Waitlist surface. Two-field form, double-opt-in, automated thank-you email with what-to-expect content. Backed by Cloudflare D1 with the standard daily backup and Cloudflare Web Analytics RUM for funnel monitoring.
Founder narrative cluster (hub + 10 spokes = 11 posts). The founder authority cluster is now publicly readable: three startups synthesis (hub), MindWave postmortem, Super AI postmortem, Vibe AI postmortem, three checks framework, bootstrapping playbook, 80-test reliability methodology, anti-Zapier thesis, unit economics, workflow timing, plus this retro.
Reliability methodology documentation. The 80-test methodology is committed to a public spec, weighted by failure-cost category, ready to apply to the first shipping capability.
SEO foundation. Schema.org markup on every post (BlogPosting, BreadcrumbList, FAQPage, Person, Organization). Cluster-internal linking is set. The 9-pillar 300-post calendar is committed. The deploy chain runs on Cloudflare Workers Static Assets per Cloudflare's Workers Static Assets docs with IndexNow on every push.

What didn't

The product. The waitlist is live; the agent is not. That's the headline miss.

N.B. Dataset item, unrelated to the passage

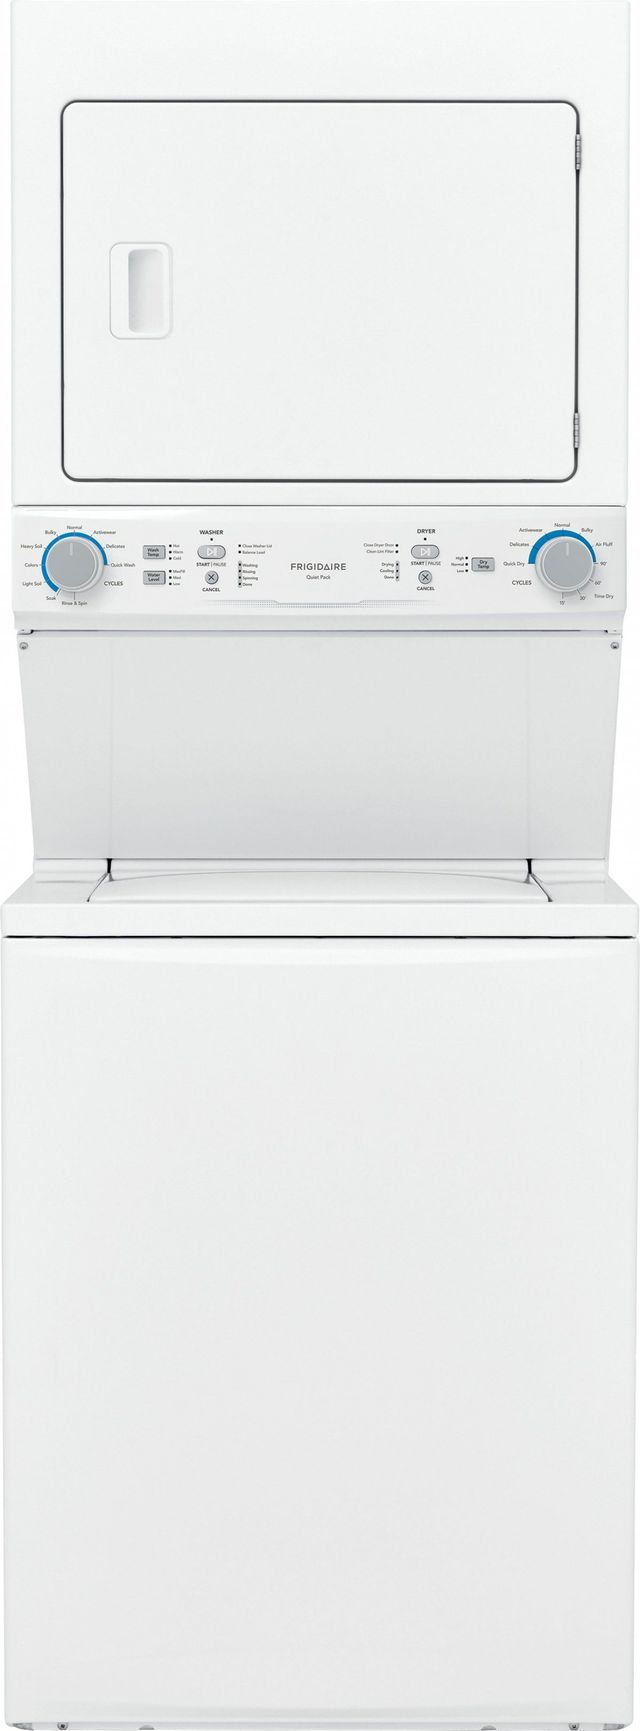 Frigidaire® 3.9 Cu. Ft. Washer, 5.6 Cu. Ft. Dryer White Electric Stack Laundry 1

Two capabilities,inbox triage and KPI report,were scoped and partially built. Neither cleared the 80-test bar in time. Inbox triage failed on the refusal-correctness category (over-compliant when emails contained instruction-shaped phrasing). KPI report failed on the schema-drift category (one of the upstream APIs changed its response shape mid-build). Both are fixable; neither was fixable inside the month-1 window.

Three planned blog clusters slipped. P1 definitional was scheduled for week 1 alongside P4; it got pushed because the founder-narrative cluster expanded from 10 posts to 11 (the brief for the hub turned into hub + 10 spokes once I started writing it, not 10 posts total). P9 tutorials and P3 use cases stayed on the month-1 calendar but at a smaller share than originally scoped.

The honest read on the slip: month 1 was infrastructure and content, not product. Infrastructure-first was the right sequence for a bootstrap,the marketing site, sitemap, schema, and content cluster are the things that compound,but it does not feel like progress when the founder-narrative is "the product is shipping" and the product hasn't shipped.

What surprised me

Three things I did not expect at month start.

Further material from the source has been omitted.